A set of different symbols of a regular expression can be grouped together to act as a single unit and behave as a block. \n means that the group enclosed within the n-th bracket will be repeated at current position. |
|||
\1 | Contents of Group 1. | r(\w)g\1x | regex
Group \1 is e |
regxx |
\2 | Contents of Group 2. | (\d\d)\+(\d\d)=\2\+\1 | 20+21=21+20
Group \1 is 20 Group \2 is 21 |
20+21=20+21 |
Sample Problems
Problem 1
Which of the following strings match the regular expression pattern "^w{3}\.([a-z0-9]([-a-z0-9]{0,61}[a-z0-9])+\.)+[a-z0-9][-a-z0-9]{0,61}[a-z0-9]" ?
- 1. www.google.com
- 2. www.-petsmart.com
- 3. www.edu-.ro
- 4. www.google.co.in
- 5. www.examples.c.net
- 6. www.edu.training.computer-science.org
- 7. www.everglades_holidaypark.com
Solution: This Regular Expression matches a domain name used to access web sites.
RE starts with the subdomain www, continues with a number of names of domains, separated by a dot (Top-level domain (TLD), Second-level domain (SLD), Third-level domain, and so on).

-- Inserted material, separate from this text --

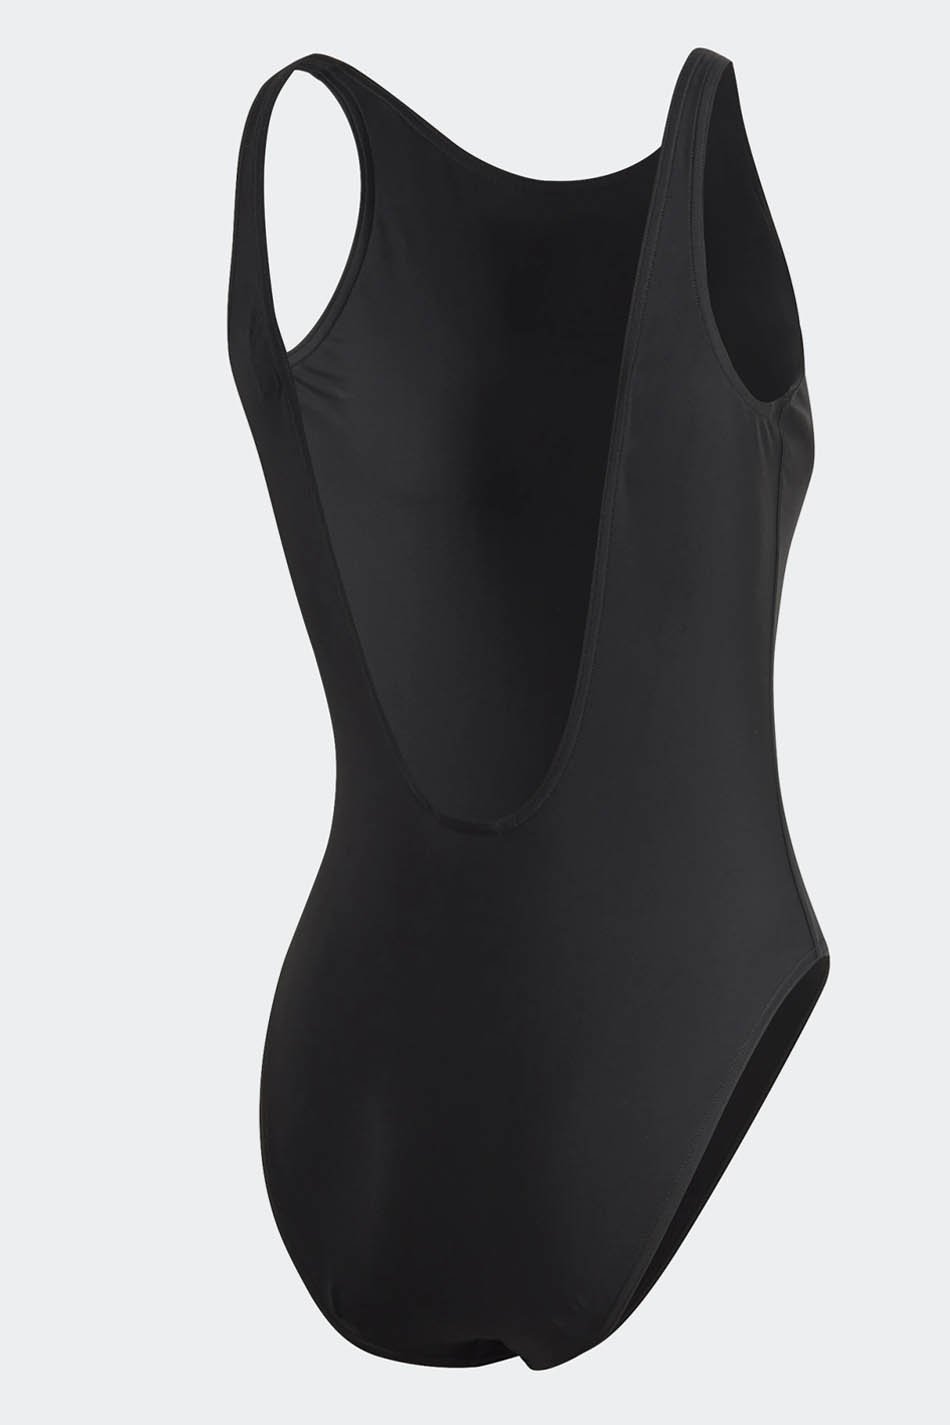 Adidas Trefoil Black Swimsuit

The name of a domain contains only small letters, digits and hyphen. The name can’t begin and can’t finish with a hyphen character. The length of the domain’s name is minimum 2 and maximum 63 characters.
^: the string starts with www, followed by a dot character;
[a-z0-9] : the first and the last character of the domain's name can be only a small letter or a digit;
[-a-z0-9]{0,61}: the next characters can be small letters, digits or a hyphen character. Maximum 61 characters;
The last sequence [a-z0-9][-a-z0-9]{0,61}[a-z0-9] is for the Top-Level domain, which is not followed by a dot.
The strings that are represented by this pattern are 1, 4 and 6.
Problem 2
Write a regular expression describing a set of strings formed to the following rules:
1. Contain only lowercase letters of the English alphabet and the character '.';
2. Start and end with the same letter;
3. Contain a sequence of at least one and at most 3 vowels, separated by zero or more characters '.' of a sequence consisting of at least one consonant.
Solution:
The Regular Expression is:
([a-z])[a,e,i,o,u]{1,3}\.*[b-df-hj-np-tv-z]+(\1)
([a-z]) represents the group number 1 that captures the firs letter;
\1 is the number of the group that appears at the end of the string;
[a,e,i,o,u]{1,3} describes sequence of one to three vowels;
\.* the character ‘.’ appears zero to more times;
[b-df-hj-np-tv-z]+ a sequence of consonants, at least one consonant.